Nina Thomas, who assisted with the digitisation of the work whilst learning more about NDACA and the Disability Arts Movement, describes her experience…
I recently had the pleasure of supporting the National Disability Arts Collection and Archive (NDACA) during a week at Buckinghamshire New University (Bucks). NDACA is a £1 million Heritage Lottery Fund project, delivered by Shape Arts, that aims to celebrate 30 years of the Disability Arts Movement. During the week at Bucks, we documented a number of items for the archive, which have been donated by many different people associated with the Disability Arts Movement. All the items had a particularly political focus, donated entirely by Baroness Jane Campbell DBE.
Campbell is a key political figure within the movement. Now a crossbench peer in the House of Lords, she has spoken of her past achievements as a grassroots activist as having “helped people to think again”. Indeed, what NDACA has shown me of the Disability Arts Movement has made me think again, challenging every stereotype there is about what it is to be a disabled person and often through a mixture of anger, laughter, and sheer stubbornness. I admire the disabled activists who show us all how political change can be achieved. Baroness Campbell was defiant when she declared ‘I’m not dead yet’ in response to the Assisted Dying Bill, asking for assistance to live rather than die.
There are many voices in the archive and it was a pleasure to hear more about the people they belonged to during the week I spent at Bucks. NDACA demonstrates how creative, challenging, and collaborative the Disability Arts Movement has been and continues to be today. It is the sense of inclusiveness and community that I value – each disabled person supporting and inspiring one another.
The history of direct action within the movement itself demonstrates how much stronger we are together. Baroness Campbell has spoken of how on her “first big demo … [she] took hundreds of wheelchair users on to Westminster Bridge, stopping the traffic. Here were the poor disabled breaking the law – the police couldn’t get their heads around it!” This sense of surprise is often present within the archive.
My identification with the term ‘disabled person’ is a recent one and so I have experienced a kind of joyful and personal discovery when viewing NDACA. I align myself with the Social Model of Disability (as do most of the people featured within the archive) because it suggests that rather than my body being the problem, it is society that creates barriers or fails to remove them, and this is the issue that must be overcome – click here to read more about the Social Model. It was a revelation to me, and discovering other disabled people who openly declared ‘Piss on Pity’ when asking for equal rights has inspired me immensely. The discussions I had with NDACA Project Team and others during the week at Bucks were engaging and uplifting. There was plenty to talk about!
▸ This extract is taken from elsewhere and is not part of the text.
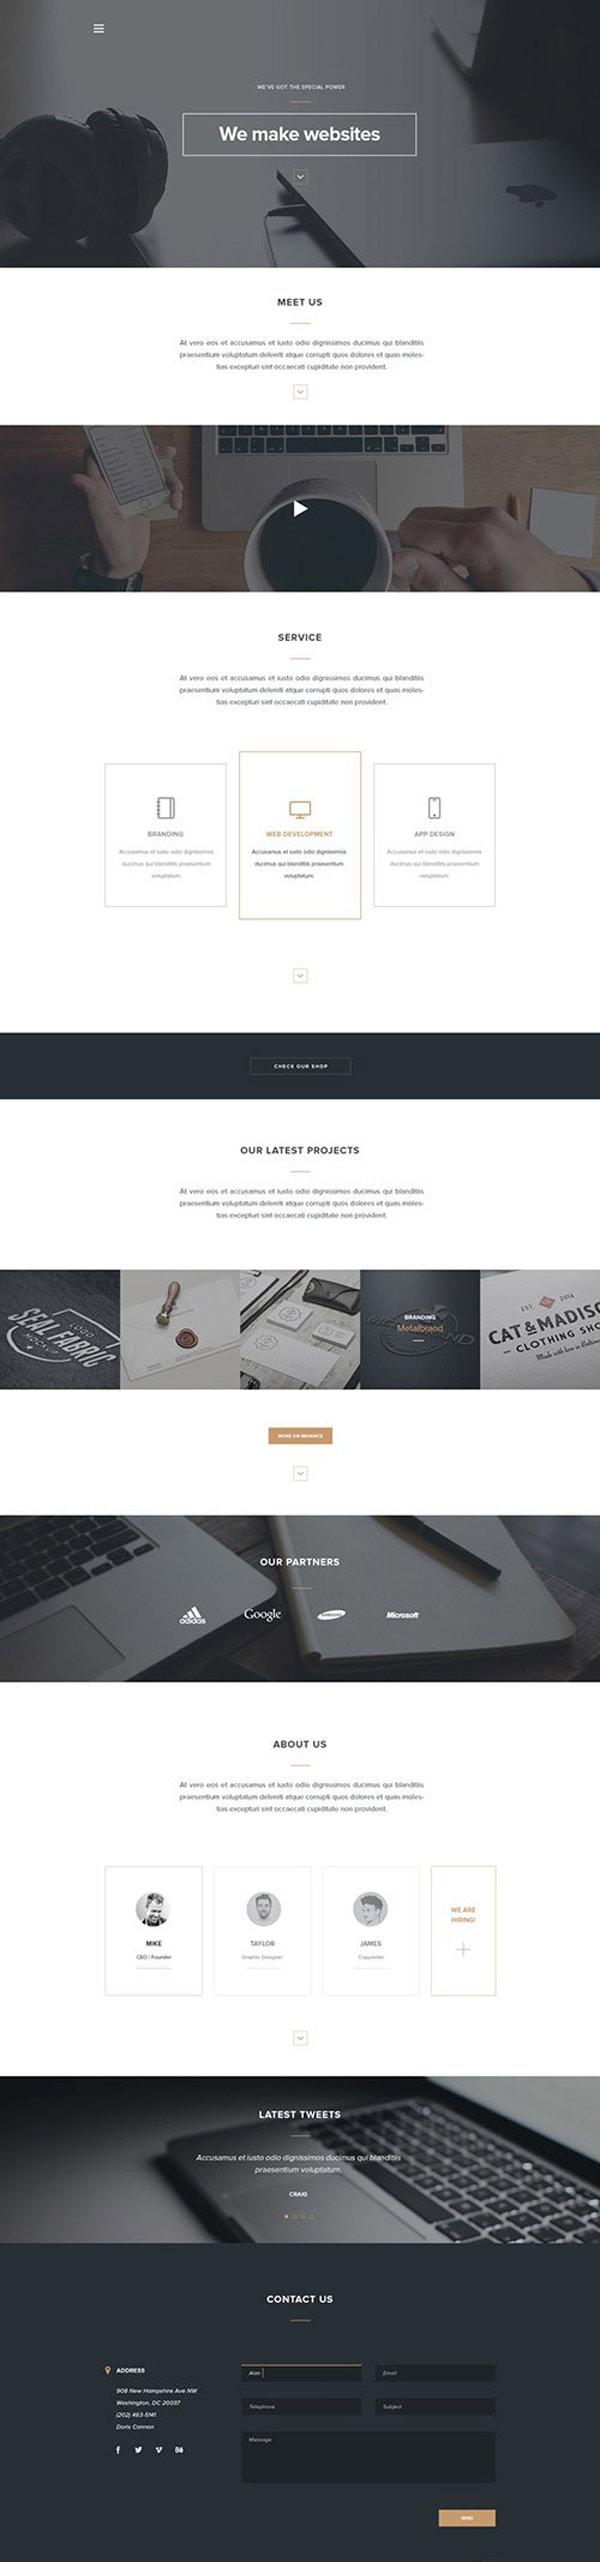 Arcadia-free-PSD-landing-page | Web design | Pinterest | Template ...

In the current climate it’s easy to feel disengaged but I really found NDACA to have an reinvigorating approach to disability arts and politics, and the stories documented are very relevant to now. The archive reminds me that it often takes a sense of humour and creativity to handle the types of injustices many of us see or experience today. The lesson from the Disability Arts Movement is to not to give up.
One of NDACA’s project delivery aims is to create the NDACA Wing for learning at Buckinghamshire New University. The NDACA Wing will be an exciting development for disability education and access because it aims to utilise advancements in technology as much as possible. From my own experience, technology is increasingly allowing me (and others) to find creative, collaborative and innovative ways to improve access to education. From the discussions I had during the week it was clear that the NDACA team are as passionate about access as I am and share my excitement about the potential for new technology to improve access in the future. The library will set a great example to others as to how access can – and should – be done, so that all feel welcome and included. This is what makes this a really exciting project in so many ways; the archive is a rich resource of information, and provides inspirational evidence of creative collaboration across the years. I hope NDACA is received by the public as a model of how we can learn from each other, so that society is able to progress and knock down many more barriers. I really believe that a properly inclusive society benefits everyone and I can’t wait to see what NDACA has planned next.